I had some frozen BM that I thawed for her but she wants nothing to do with it.
DH was talking to her about it and, from what he gathered, she thought she wouldn’t get to sit on my lap & cuddle anymore if she wasn’t nursing.
We both reassured her that we’d still cuddle plenty.
I had come to terms with *me* being the one to cut it off, if she hadn’t weaned herself by then. I knew I would feel sadness over that part of our relationship no longer existing but I was okay with that. But now I feel like my body has let me down, us down. And that has caused me tremendous sadness. Having to tell her that mama’s milk went bye-bye breaks my heart every time.
5 responses so far ↓
1 jen // Jan 2, 2007 at 10:45 am
aww tricia, my heart just breaks for you! i’m glad you wrote about it though, it’ll help get you through it. How sad that you are so sad to be done nursing.
((hugs))
2 Lisanne // Jan 2, 2007 at 2:41 pm
I’m sitting here with tears in my eyes for you! I am so sorry that things ended unexpectedly ~ not the way that you had expected. Hugs!!!

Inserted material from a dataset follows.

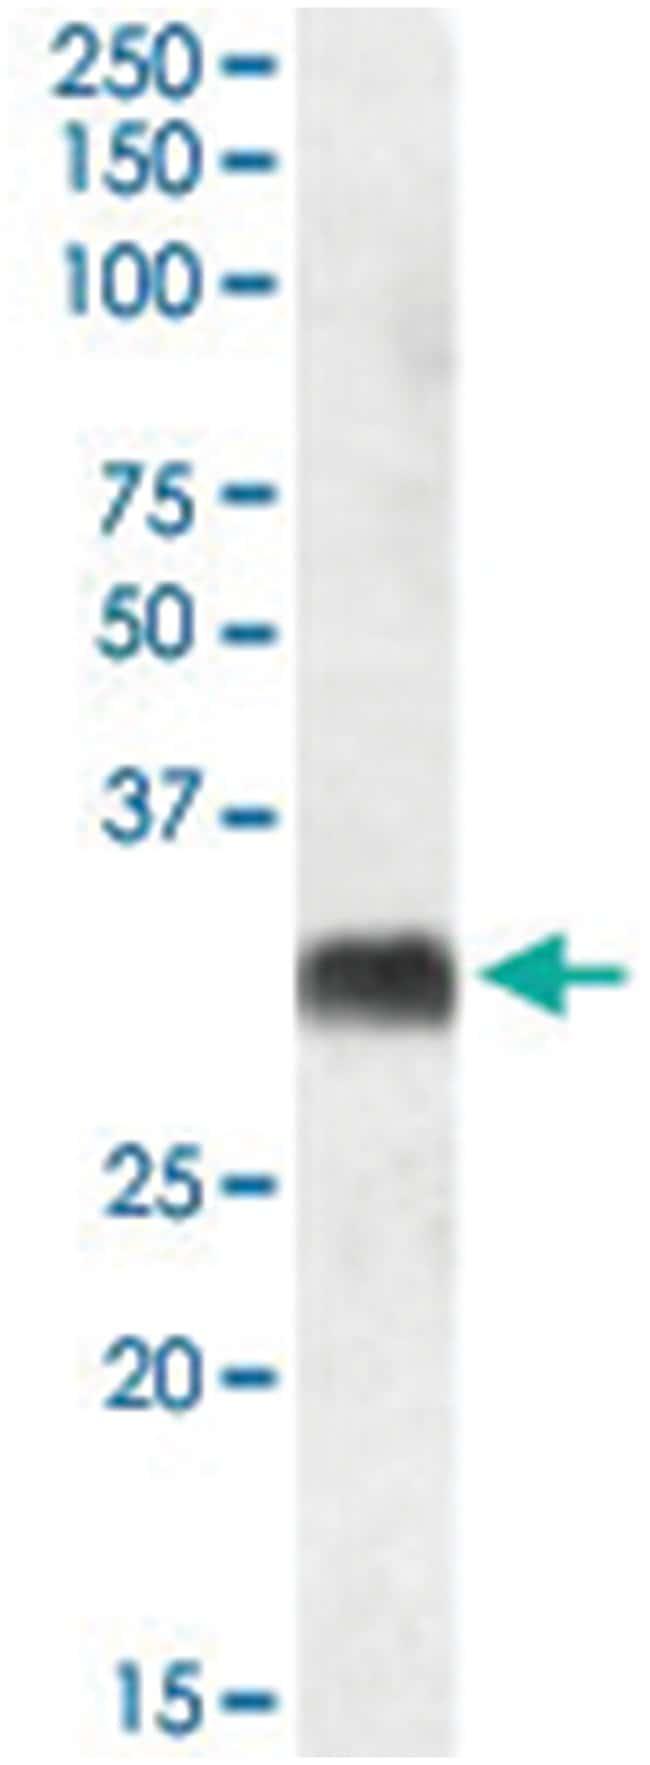 SRD5A2 Goat anti-Human, Polyclonal Antibody, Abnova 100µg; Unlabeled:Life

3 Amy W // Jan 2, 2007 at 6:58 pm
Sorry that nursing did not end on your terms. I can’t imagine how hard it is on both of you to have it end so abruptly. I hope that you will be able to establish some new routines to help you get through it.

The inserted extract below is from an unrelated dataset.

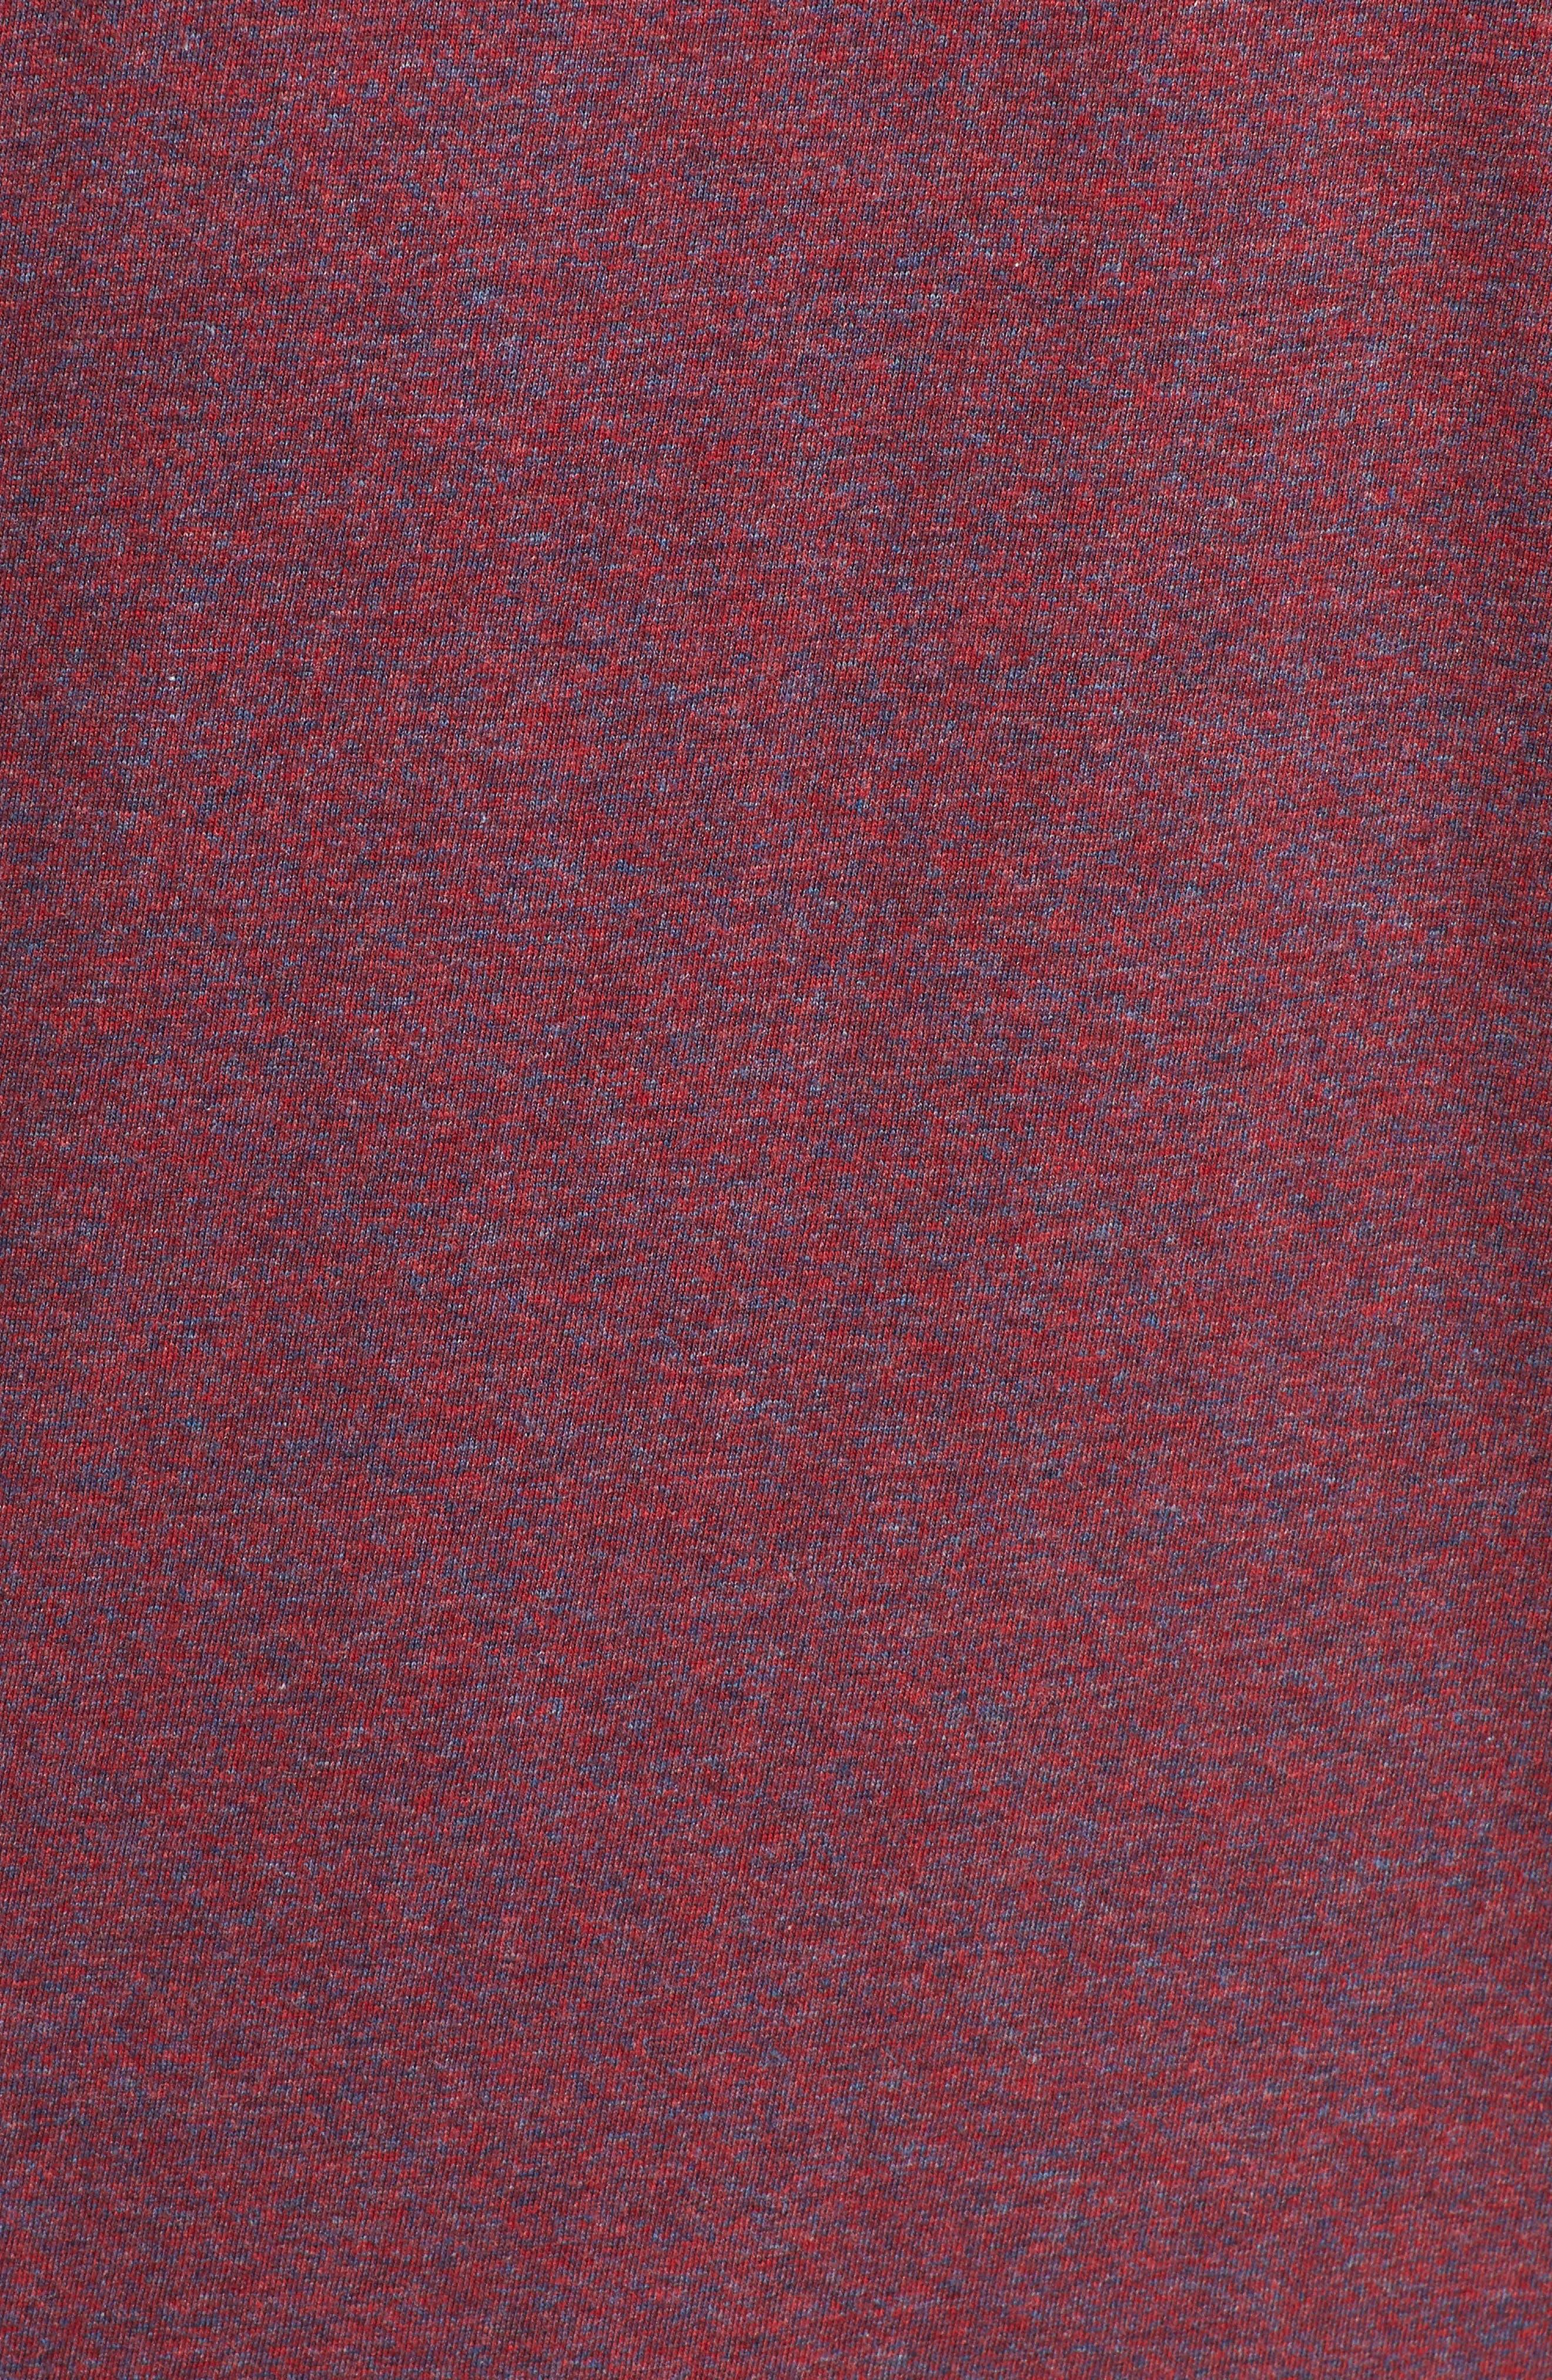 Cobb Raglan T-Shirt,                             Alternate thumbnail 5, color,                             BURGUNDY SALT PEPPER

4 Cory // Jan 2, 2007 at 11:19 pm
Ya know Tricia…I will be honest, nursing was never something that appealed to me personally. And although I’ve heard and read a great many women talk about the bonding and reward of it, (the benefits, etc.) it still never was something that I felt the urge to do. But omgosh…reading your entry, and the heartbreak you and E feel…gave me tears in my eyes!!! I’m so sorry that it had to end this way for you…it sucks when things aren’t what we expect or planned. I’m so sorry that you feel like you’re letting E down…in your head I know you know it’s not your fault (if ever there was a champion bf’er, it’s you!

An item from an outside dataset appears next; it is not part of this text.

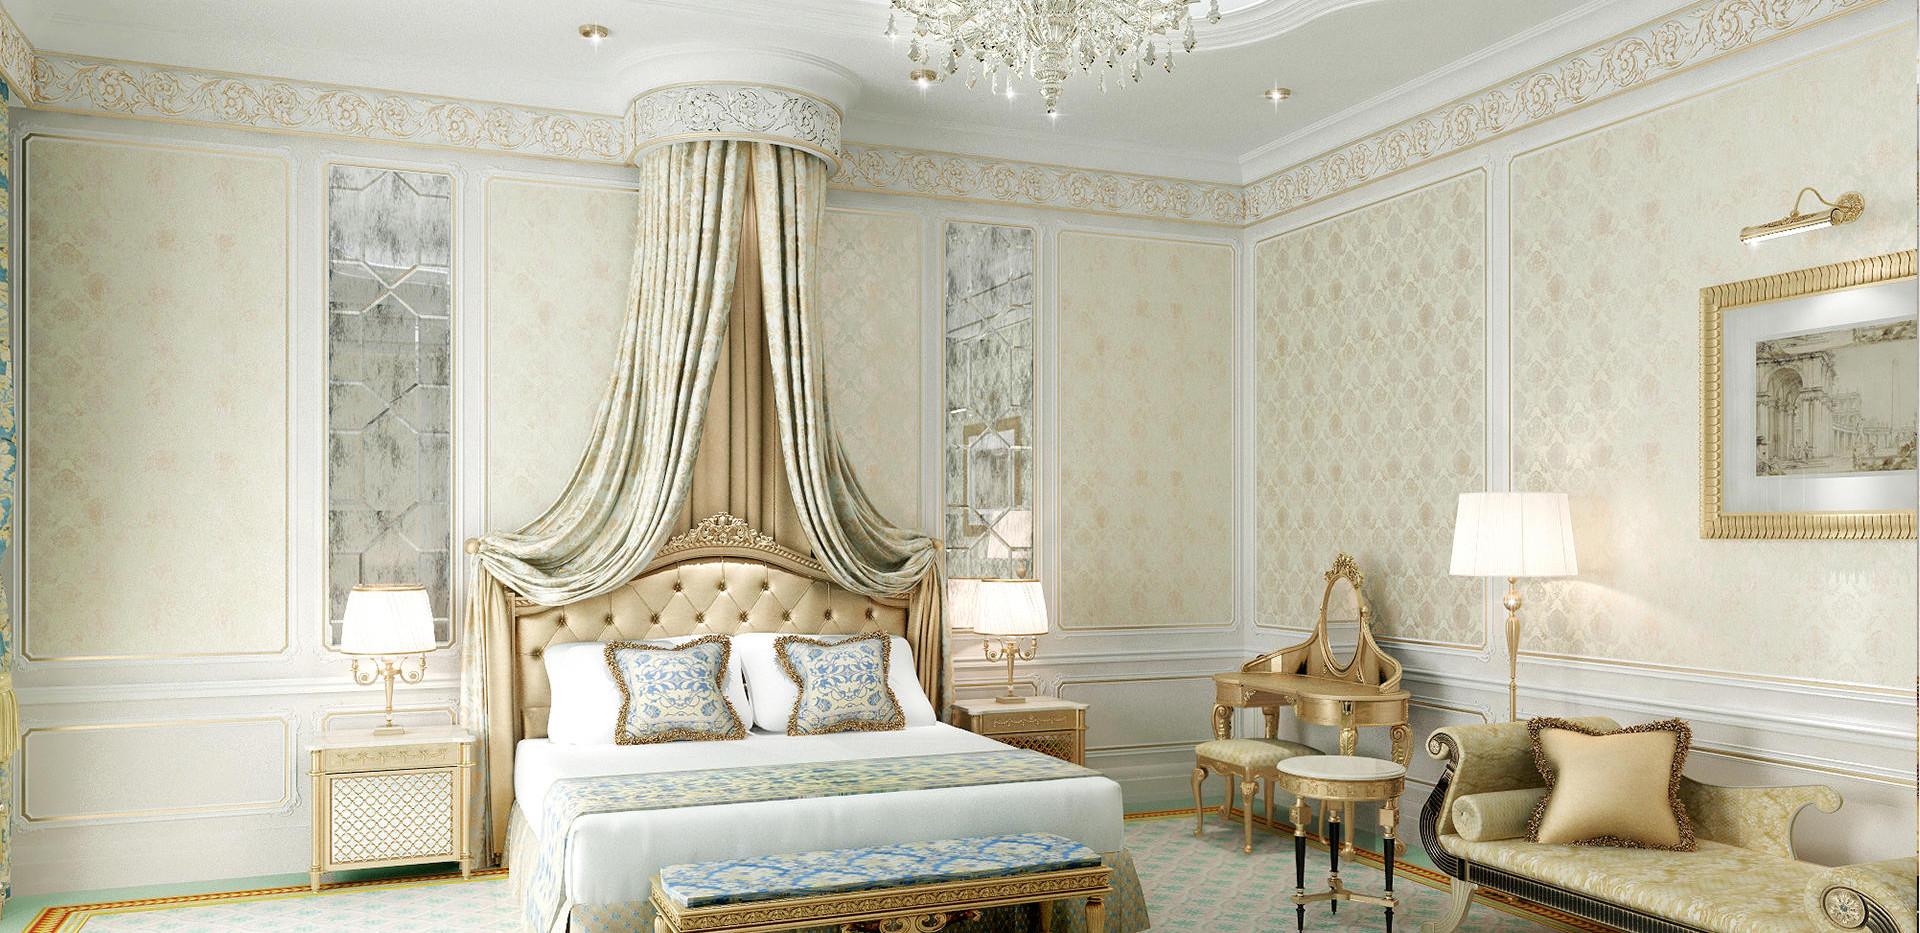 Emerald_Palace_Kempinski_Dubai-President

) but I’m sure telling that to your heart is a different story. I think what Amy said was good…establishing new routines (while not the same type of bonding as nursing, but can still be just as close) for naptime, comfort, and bedtime is a good idea, and a step in the right direction. I hope you and E, and your hearts, are able to get over this bump soon. Many hugs to you…and sorry this turned out to be a book!! xoxo
5 Vicki // Jan 5, 2007 at 2:11 am
Oh Tricia, my heart just breaks for you and for Elizabeth. I know how hard this must be for the both of you, and while I know that things will be OK, and you will establish new routines and all that, it is still sad, and hard and all that. Hugs! Just remember that all the bonding you’ve done can not be taken away and that you will still continue to bond with your precious little girl. That is not going to change, even if the ways do. And remember that we are here to listen.